Sitemap: https://example.com/sitemap.xml

Common configuration errors

  • Assuming one group applies to another. Rules are selected by User-Agent matching, not by visual proximity.
  • Blocking assets required to understand a page. Test rendered and extracted content after changes.
  • Using robots.txt as security. The file advertises paths and does not enforce authorization.
  • Copying an outdated crawler list. Verify names and purposes with the provider.
  • Forgetting the sitemap. A valid sitemap supports discovery of canonical public URLs.
  • Publishing contradictory rules. Consolidate groups and test the final deployed file.

robots.txt versus access enforcement

Compliant crawlers normally honor robots.txt, but the protocol is voluntary. Use server controls for enforceable restrictions:

  • Authentication and authorization for non-public content.
  • Rate limiting for expensive public endpoints.
  • WAF rules and verified provider IP ranges where appropriate.
  • Monitoring and alerts for unusual request volume.

How llms.txt fits in

robots.txt communicates where a crawler may go. llms.txt provides a concise map of what the site contains and which canonical resources matter. They complement each other but neither is a permission contract or security mechanism.

Create a context file with the llms.txt generator and link only to public pages that match your crawler policy.

Deployment checklist

  1. Fetch https://yourdomain.example/robots.txt without authentication.
  2. Confirm a 200 response and text/plain content type.
  3. Review groups for typos, duplicates, and overly broad disallow rules.
  4. Test important public and private paths against each target User-Agent.
  5. Review logs over the following days and watch server load.
  6. Run an AI-readiness audit and schedule periodic policy reviews.

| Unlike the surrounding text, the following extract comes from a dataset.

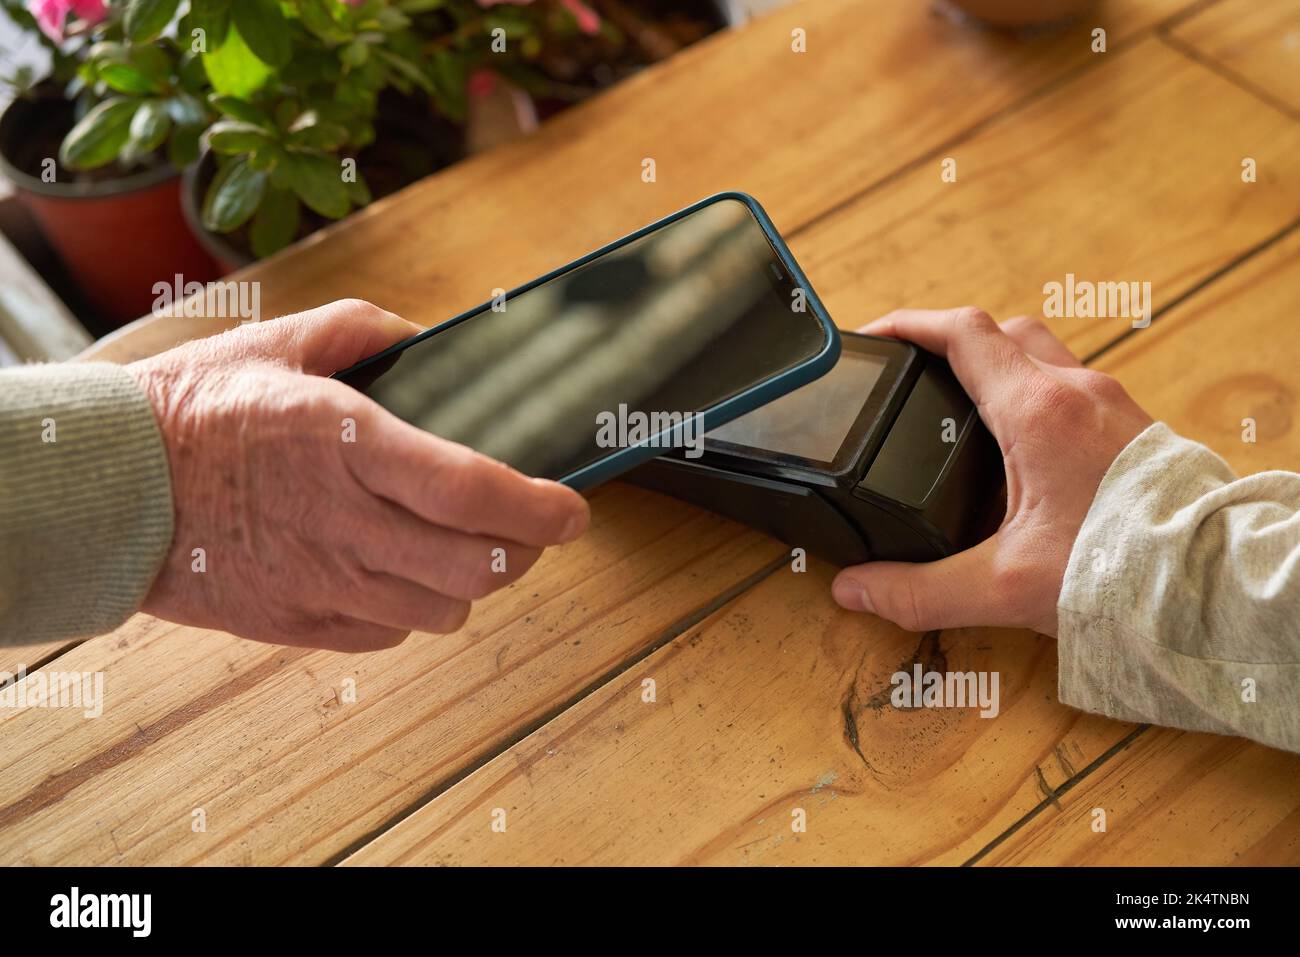 Paiement mobile avec smartphone vers lecteur NFC lors du paiement d'un fleuriste Banque D'Images

Recommended starting point

For many public documentation, SaaS, and editorial sites, Scenario 2 is a reasonable starting point: permit documented AI-search crawlers on public content, restrict private and expensive paths, and make a separate decision about model-development crawling. Legal, licensing, and product requirements should override generic recommendations.